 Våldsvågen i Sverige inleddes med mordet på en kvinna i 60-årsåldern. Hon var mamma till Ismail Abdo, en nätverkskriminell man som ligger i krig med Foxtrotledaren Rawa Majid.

---

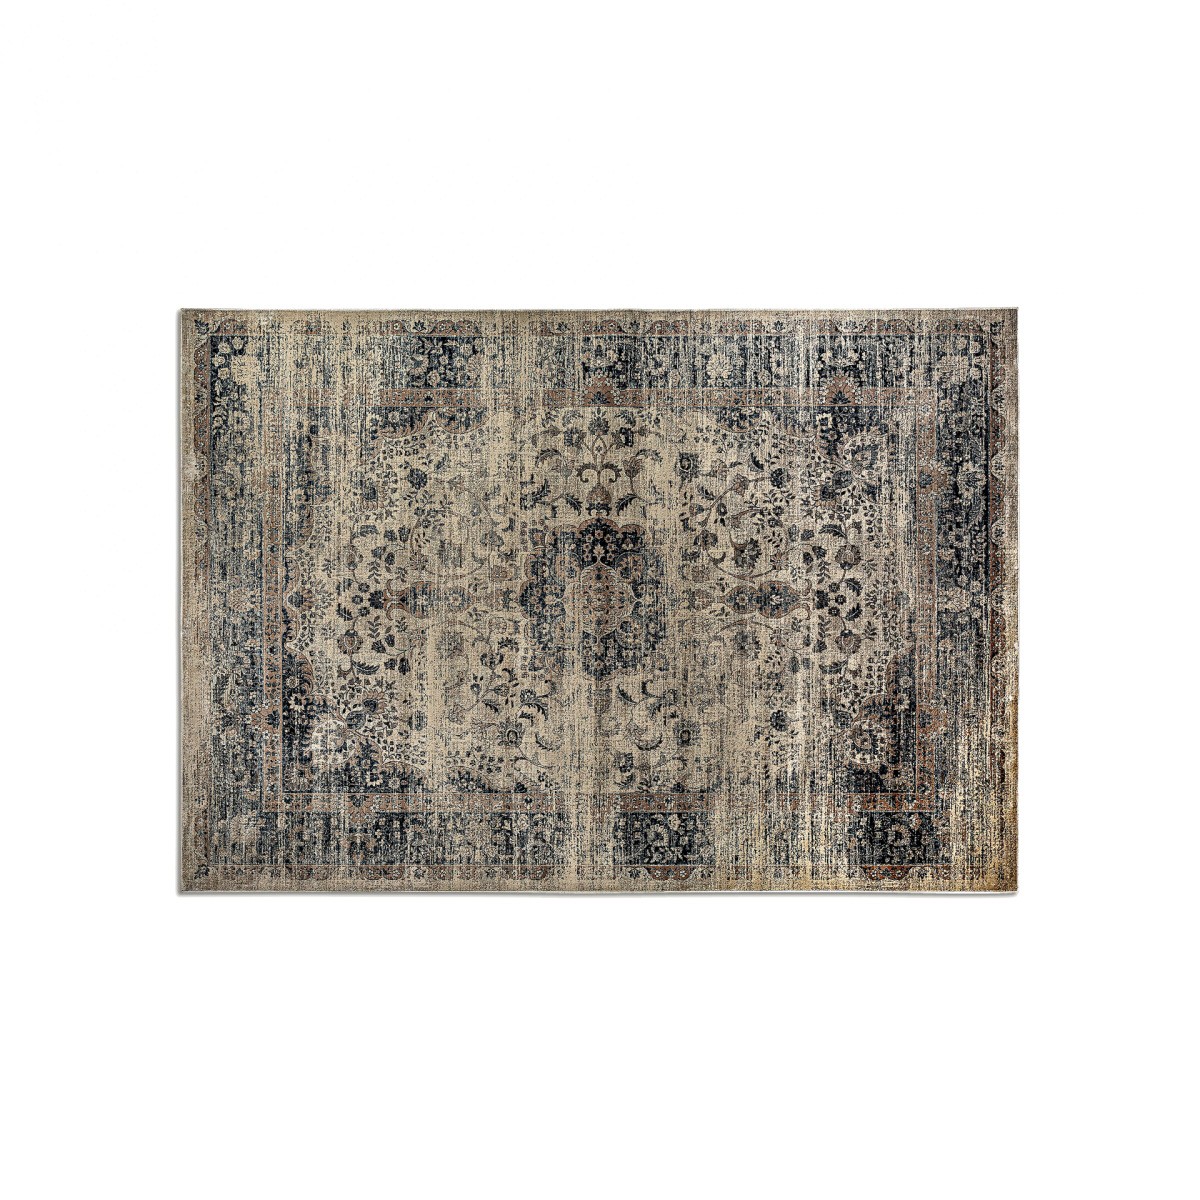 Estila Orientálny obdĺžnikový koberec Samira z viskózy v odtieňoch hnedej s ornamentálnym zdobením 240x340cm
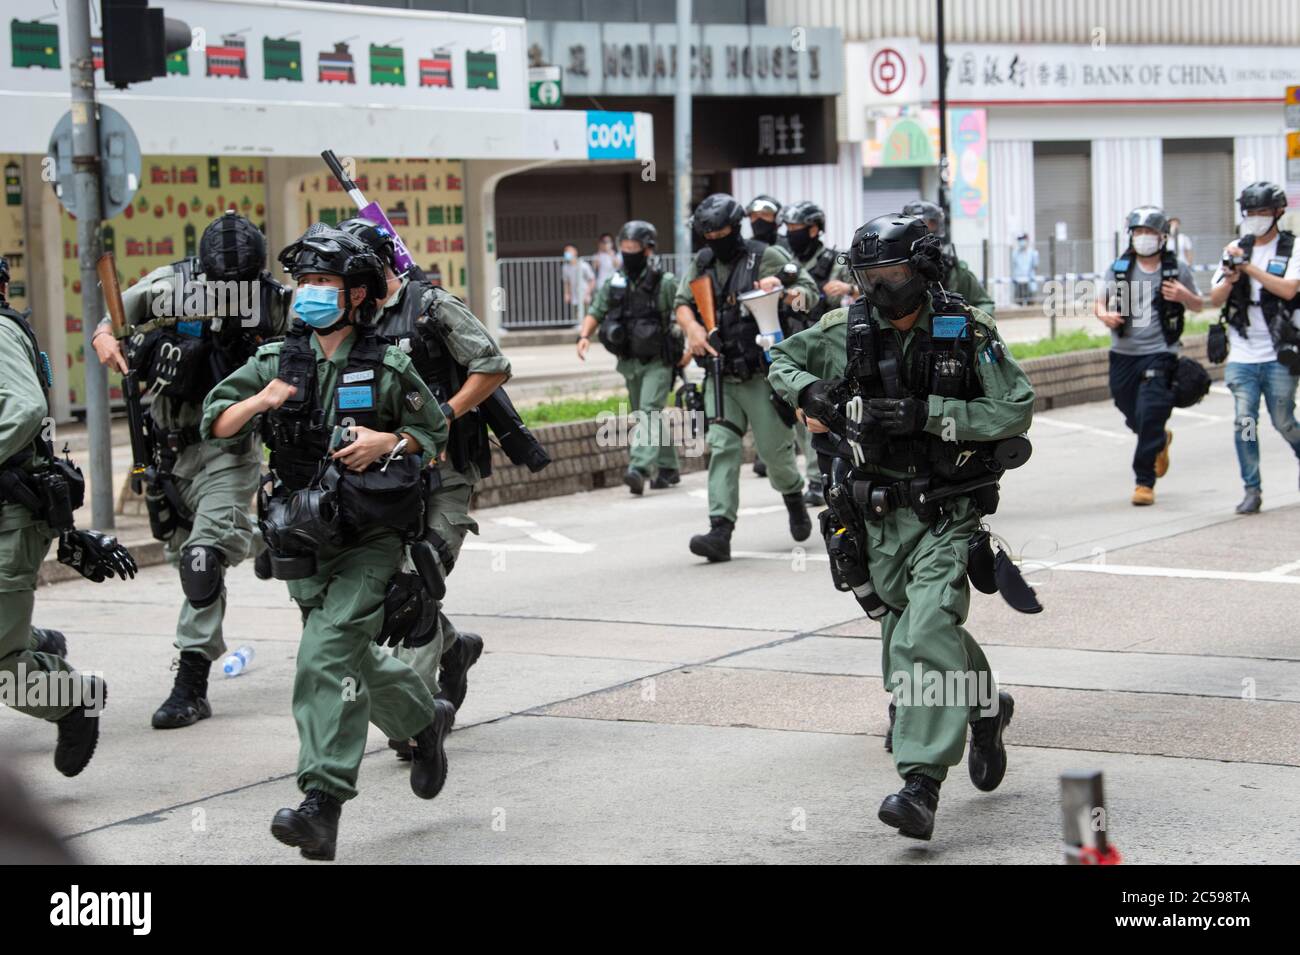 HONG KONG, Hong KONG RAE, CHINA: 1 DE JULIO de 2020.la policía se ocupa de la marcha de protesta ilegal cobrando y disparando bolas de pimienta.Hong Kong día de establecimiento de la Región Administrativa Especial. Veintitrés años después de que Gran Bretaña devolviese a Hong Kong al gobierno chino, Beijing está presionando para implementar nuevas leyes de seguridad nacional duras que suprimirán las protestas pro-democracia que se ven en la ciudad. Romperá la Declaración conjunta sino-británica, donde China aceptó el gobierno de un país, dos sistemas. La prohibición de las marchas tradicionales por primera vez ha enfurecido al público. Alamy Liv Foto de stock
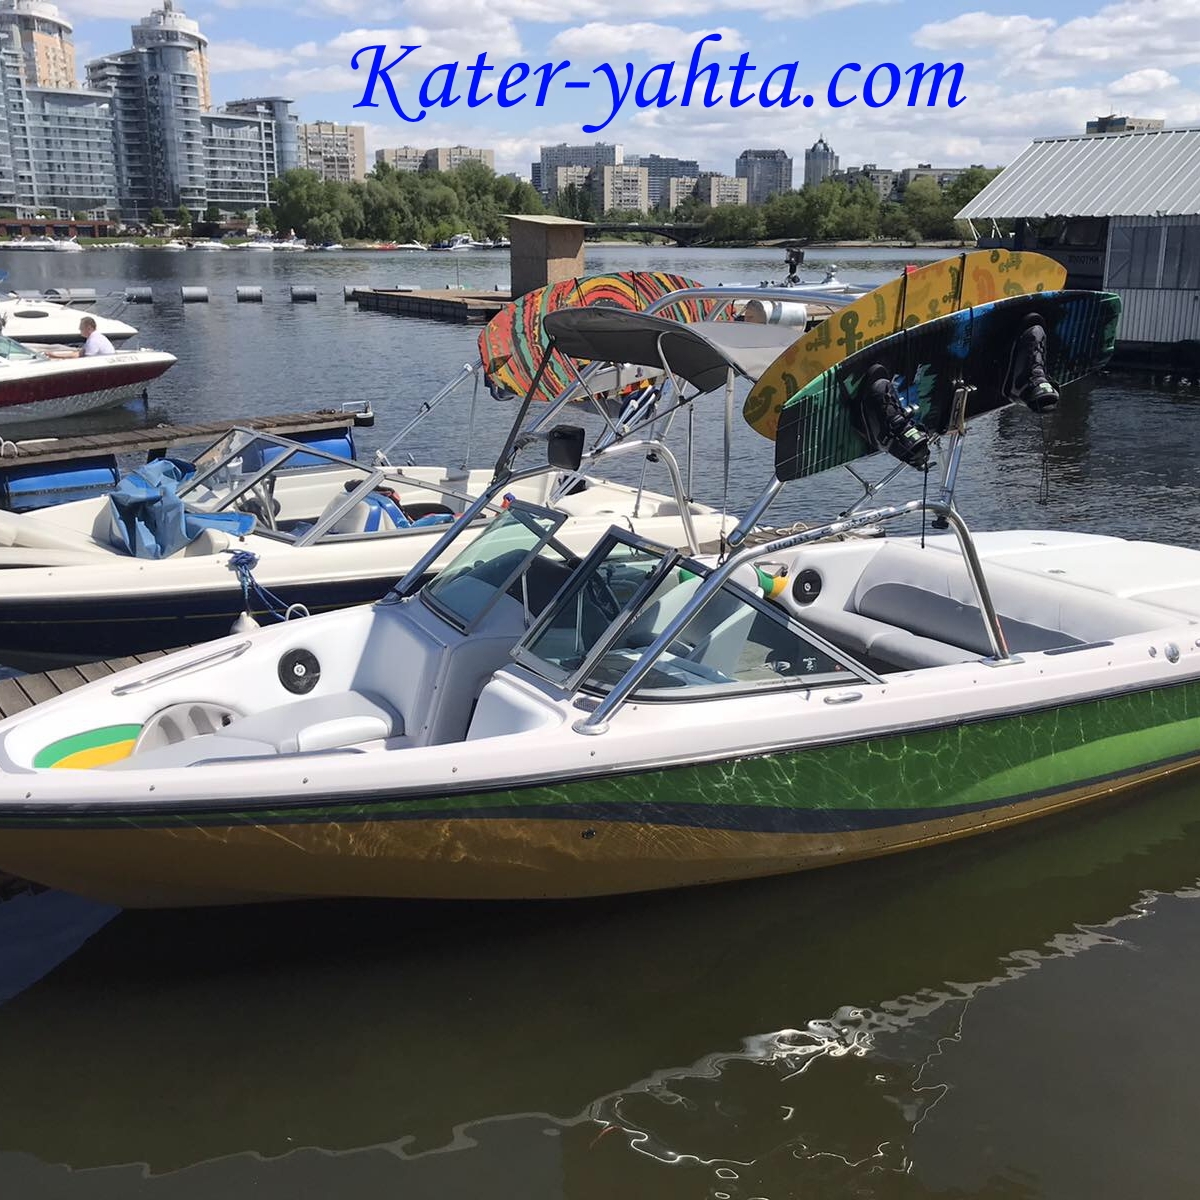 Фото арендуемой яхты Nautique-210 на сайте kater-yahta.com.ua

...

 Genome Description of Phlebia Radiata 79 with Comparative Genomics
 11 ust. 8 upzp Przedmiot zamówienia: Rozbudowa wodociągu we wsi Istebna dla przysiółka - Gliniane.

### Brief
From the listing above, the lines starting with the one that has "Genome Description of" and running through the one that has "11 ust. 8 upzp" should be copied exactly, ends included.

### Written answer
 Genome Description of Phlebia Radiata 79 with Comparative Genomics
 11 ust. 8 upzp Przedmiot zamówienia: Rozbudowa wodociągu we wsi Istebna dla przysiółka - Gliniane.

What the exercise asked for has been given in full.